In Table 2, Flank steak was chosen as a reference for livestock meat. Under the test conditions applied onto a 20cm cubic sample of Flank steak, the livestock meat specimen had a hardness of 70.6 N when the cubic sample was placed such that the meat strands of the sample were oriented perpendicular to the direction of compression (Cross Strand), and 35.5 N, when the cubic sample was placed such that the strands of the sample were oriented parallel to the direction of compression (Along strand).

Table 2 shows that the type of TVP, the type of adhesive, and the strand cross sectional dimension in the tested cubic specimen can affect the hardness of the tested specimen under the compression test. Therefore, controlling these parameters could enable higher hardness values, which are desirable in alternative meat products, so as to result in product that better mimic the livestock meat sample, e.g. Flank steak.

Further, Table 2 shows that to obtain a product with livestock meat texture properties, such as hardness, it can be preferable to take into consideration a combination of these parameters.

For example, Table 2 shows that the thickness of the Whole TVP strands (dimension along the short axis of the strand) should preferably be tailored and cannot be set arbitrarily. In the tested samples, it was found that a thickness between 1 to 3 mm, e.g. about 2.5 mm enabled hardness value that resemble that of the referenced livestock meat.

Table 2 also shows that difference in the TVP type can also influence the hardness of the alternative meat product.
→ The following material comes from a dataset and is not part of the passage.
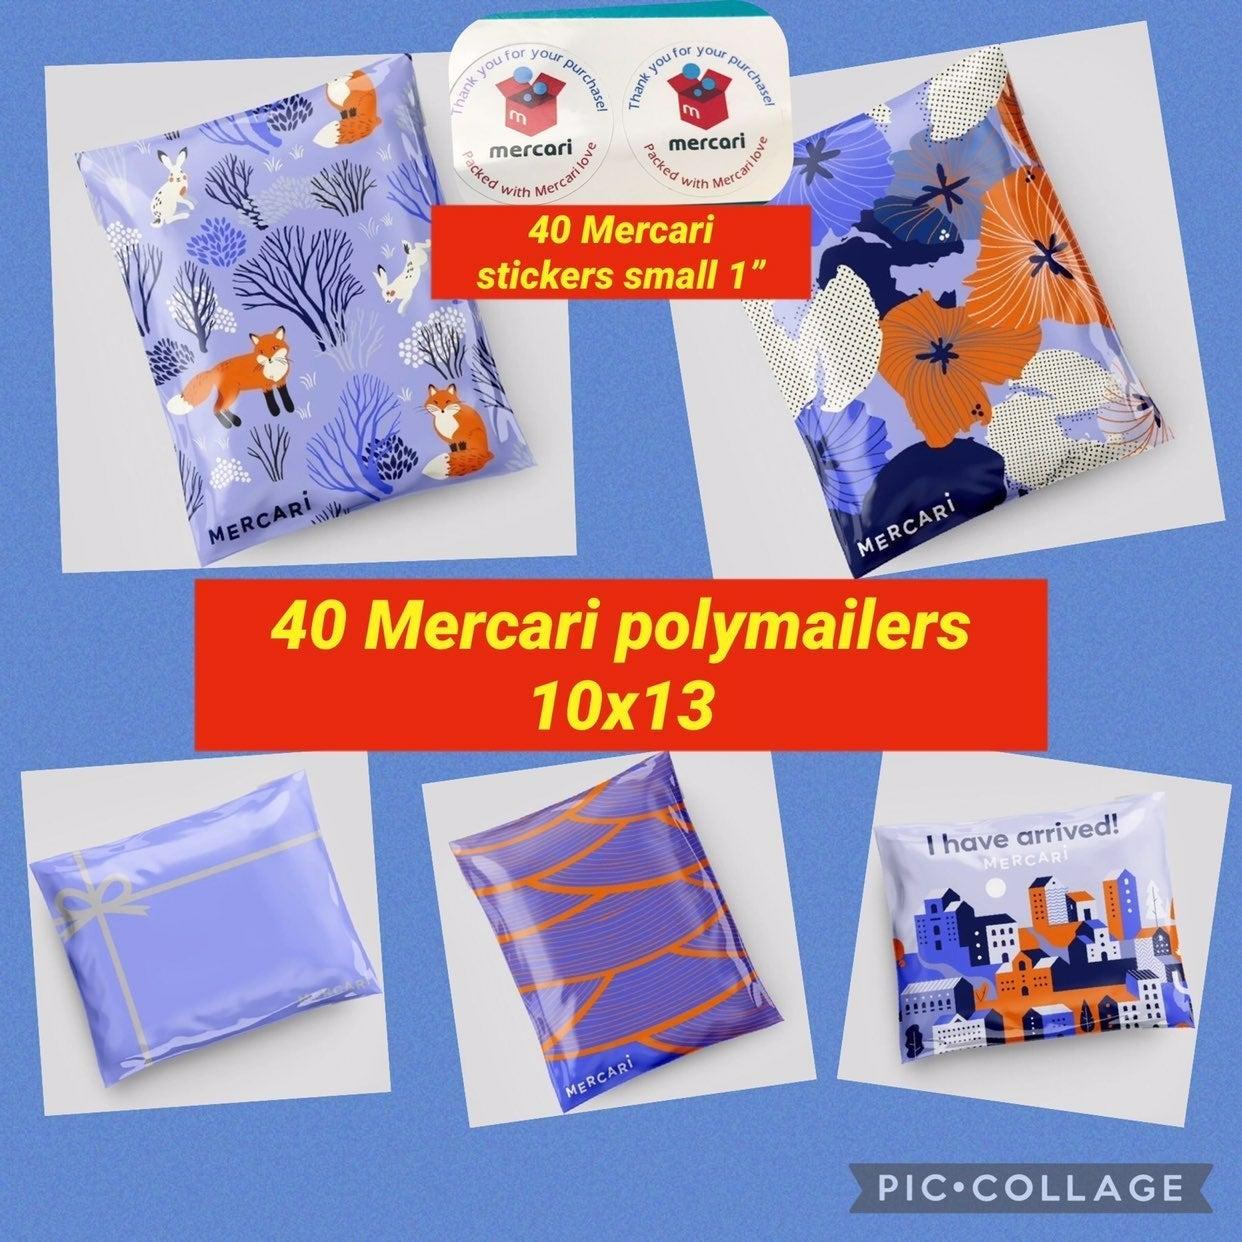 40 mixed mercari polymailers 10x13

Further, Table 2 shows that the type of adhesive used to glue the TVP sliced strands also affects the texture of the product. For example, utilizing 2.5 mm strands of ZYK with 3070 adhesive (30 % m-Transglutaminase and 70 % gluten) produces hardness of 38.4N when compression was along the longitudinal direction of the strands, which is close to the value of the reference Flank steak (35.8N). Yet, when using only gluten as adhesive, a lower hardness was obtained for the same compression test (17. IN).

It is possible to conclude from Table 2 that the use of an adhesive is advantageous. A conclusion that may arise from the set of data presented in Table 2 is that when using Whole TVP Strands, it is possible to further tailor the various parameters properly in order to improve the texture to obtain livestock meat properties.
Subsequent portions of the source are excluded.